Chez Bonaparte, le calcul s’ajoutait, et la connaissance des affaires européennes. Il savait, mieux que personne, à quelles conditions avait été obtenue cette paix républicaine : il y avait fallu la défaite, l’accablement, la dispersion de la vieille Europe ; les uns battus et cependant indemnisés comme l’Autriche, les autres, comme la Prusse et les Allemands, gagnés et gorgés de sujets ; enfin, la complaisance de la Russie. Ces combinaisons compliquées, cet immense effort nécessaire pour obtenir la paix, ne l’étaient pas moins pour la conserver. Qu’un seul anneau vînt à se rompre, de Naples au Texel, il faudrait aussitôt remettre le fer au feu et ressouder la chaîne par le même marteau qui l’avait forgée.
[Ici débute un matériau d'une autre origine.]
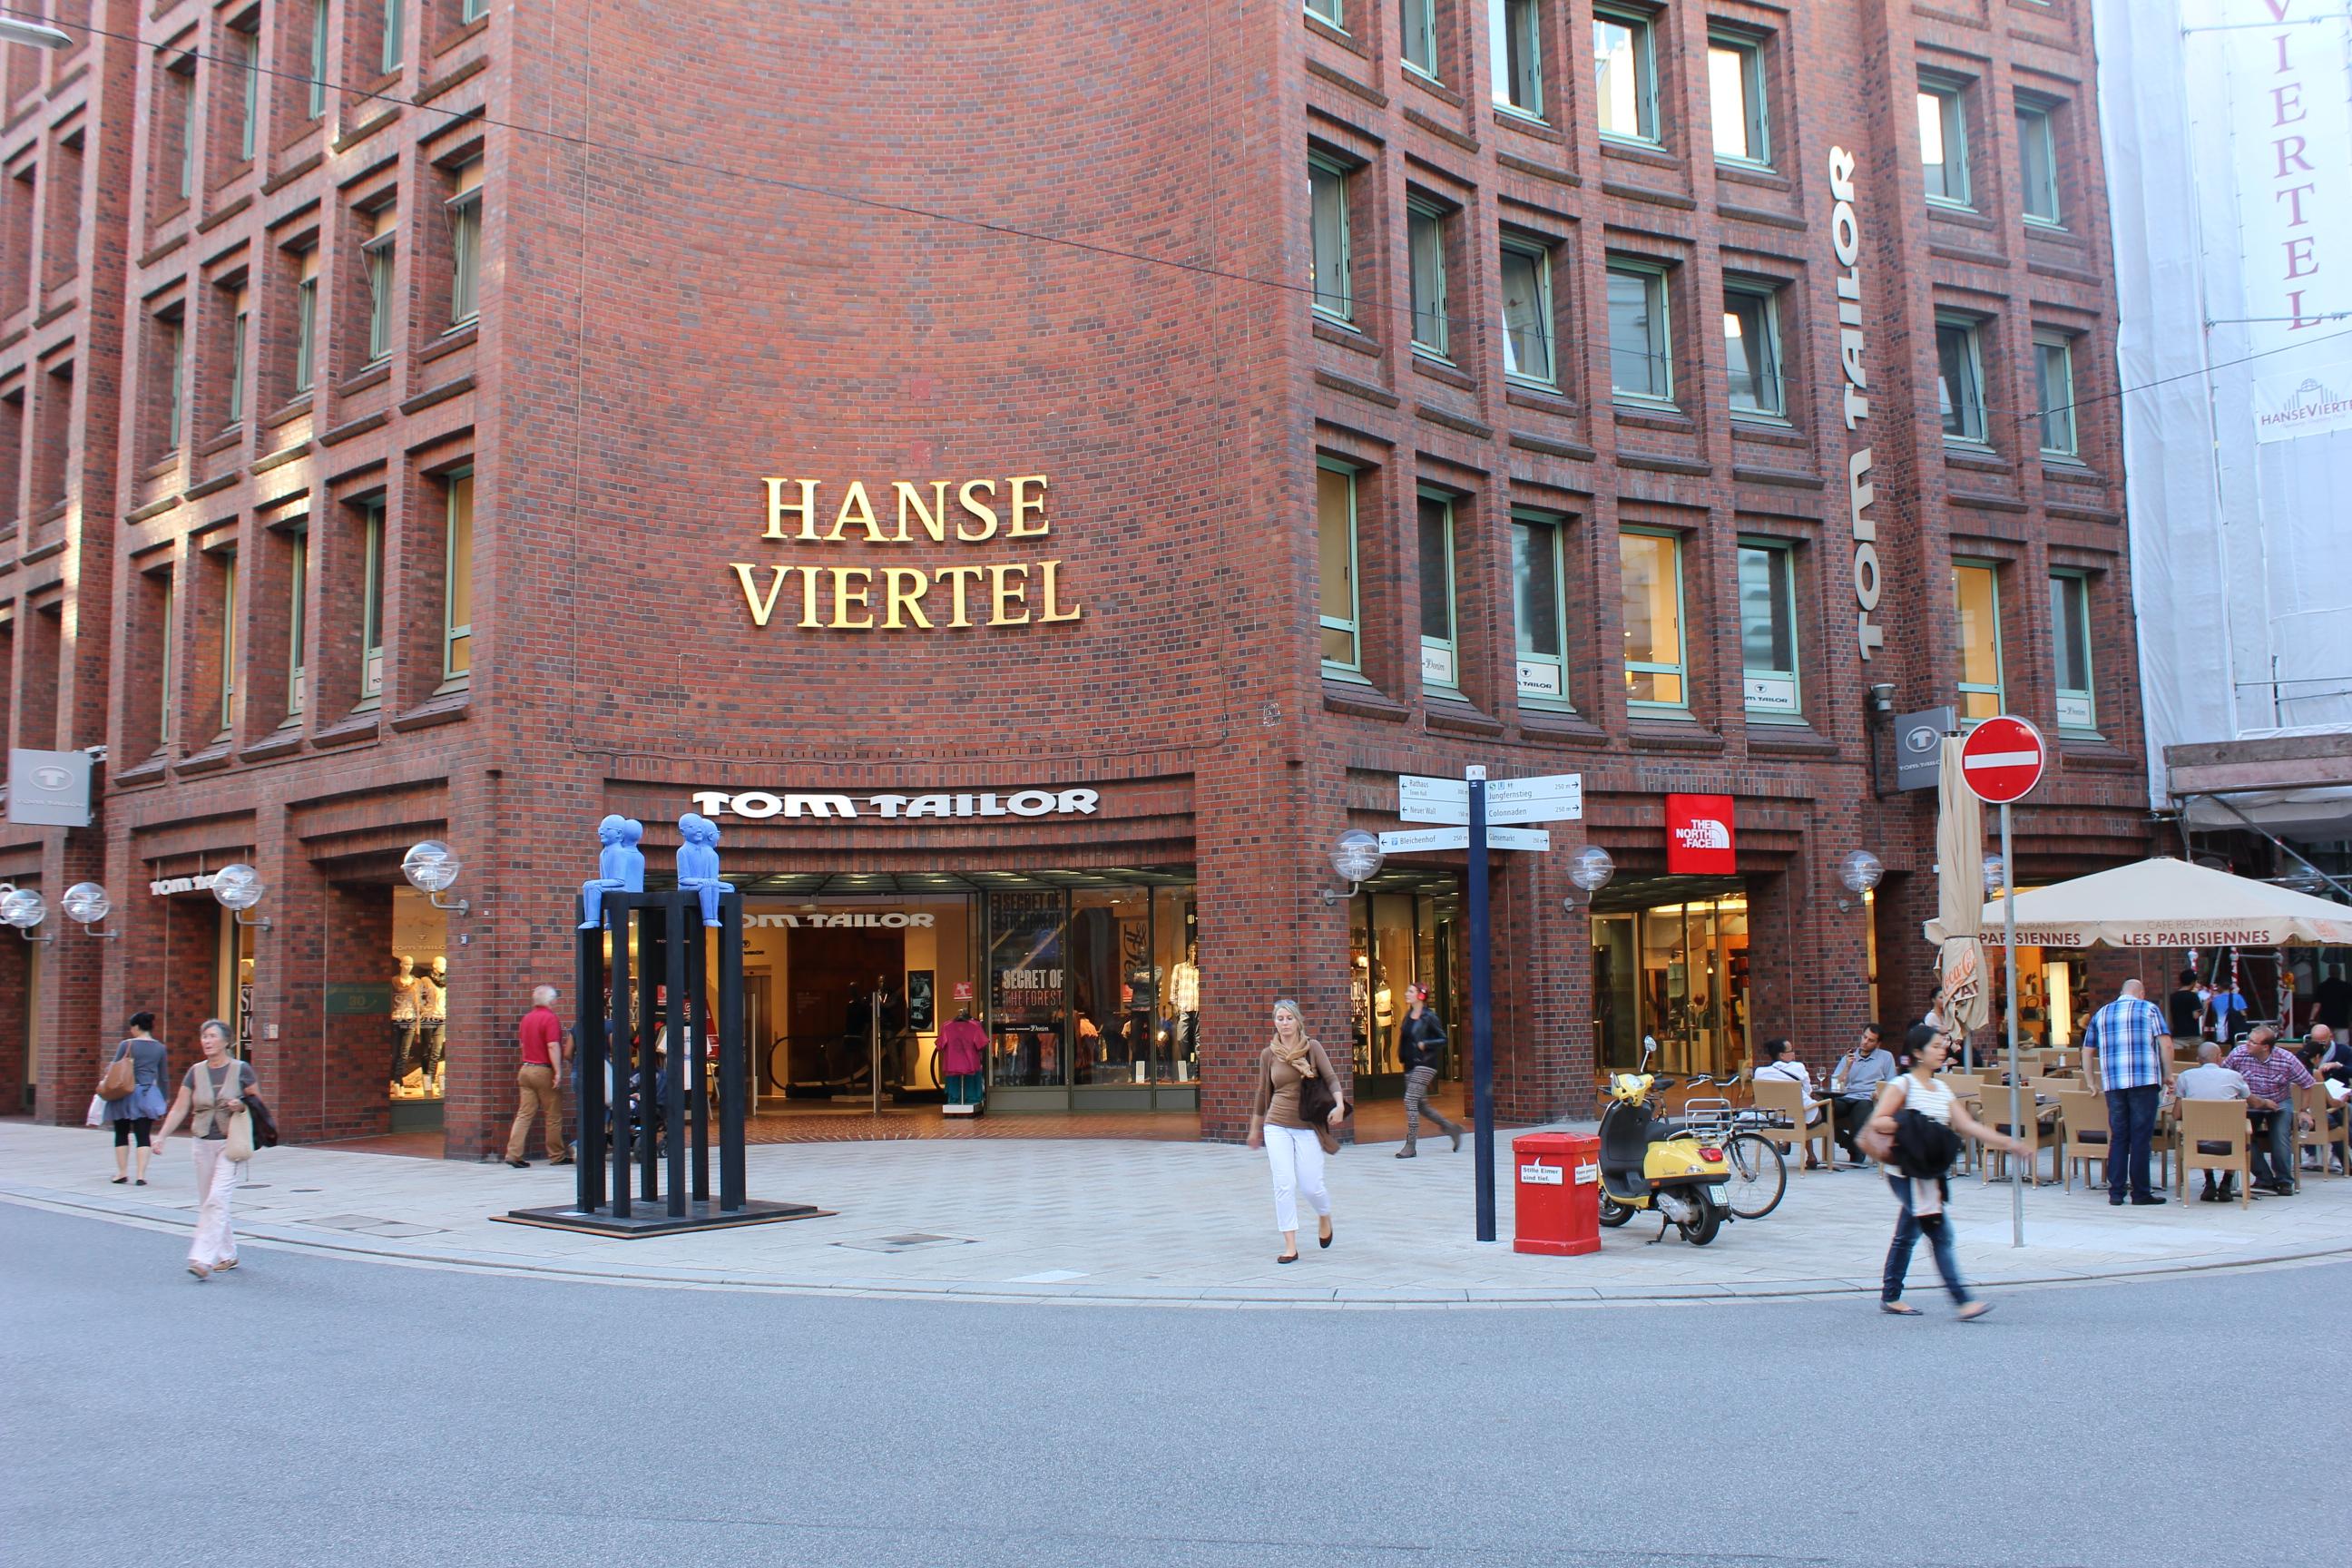 Hanse-Viertel Foto: Hanseviertel
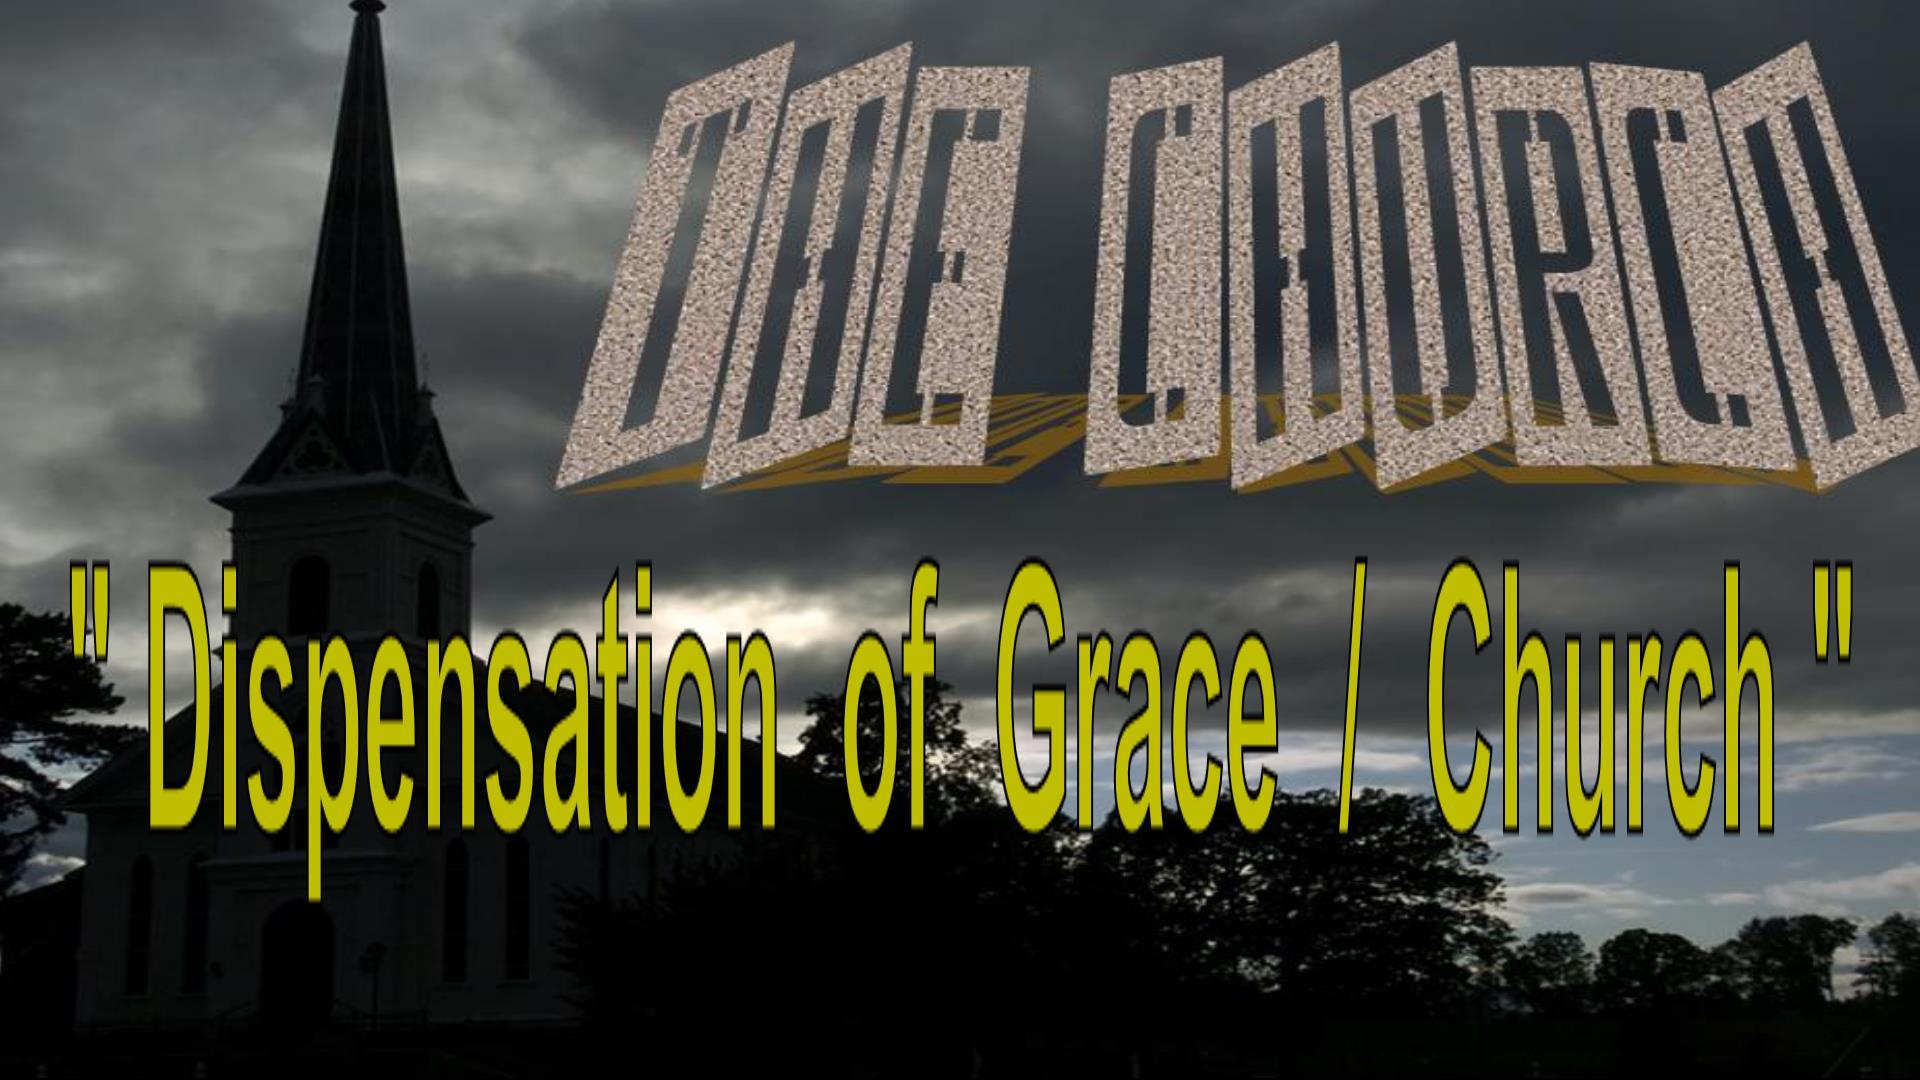 Dispensation of Grace/Church

« La paix, écrivait le clairvoyant Lucchesini, n’est favorable à la conservation de sa puissance qu’autant qu’elle deviendra générale. » Il était donc résolu, malgré l’opposition du Parlement, à l’imposer aux Anglais, à l’emporter d’assaut, et, une fois signée, il les obligerait à la respecter, en les isolant, en leur interdisant toute coalition nouvelle. Il n’en avait qu’un moyen, celui qui l’avait conduit au degré de puissance où il était et qu’il voulait perpétuer : après la guerre irrésistible, il organiserait la paix formidable. Les cinq mois qui s’écoulent entre la signature des préliminaires et celle du traité définitif présentent comme un raccourci de l’histoire de l’Empire : ils en manifestent les conditions, ils en montrent les nécessités, ils en découvrent aussi le paradoxe.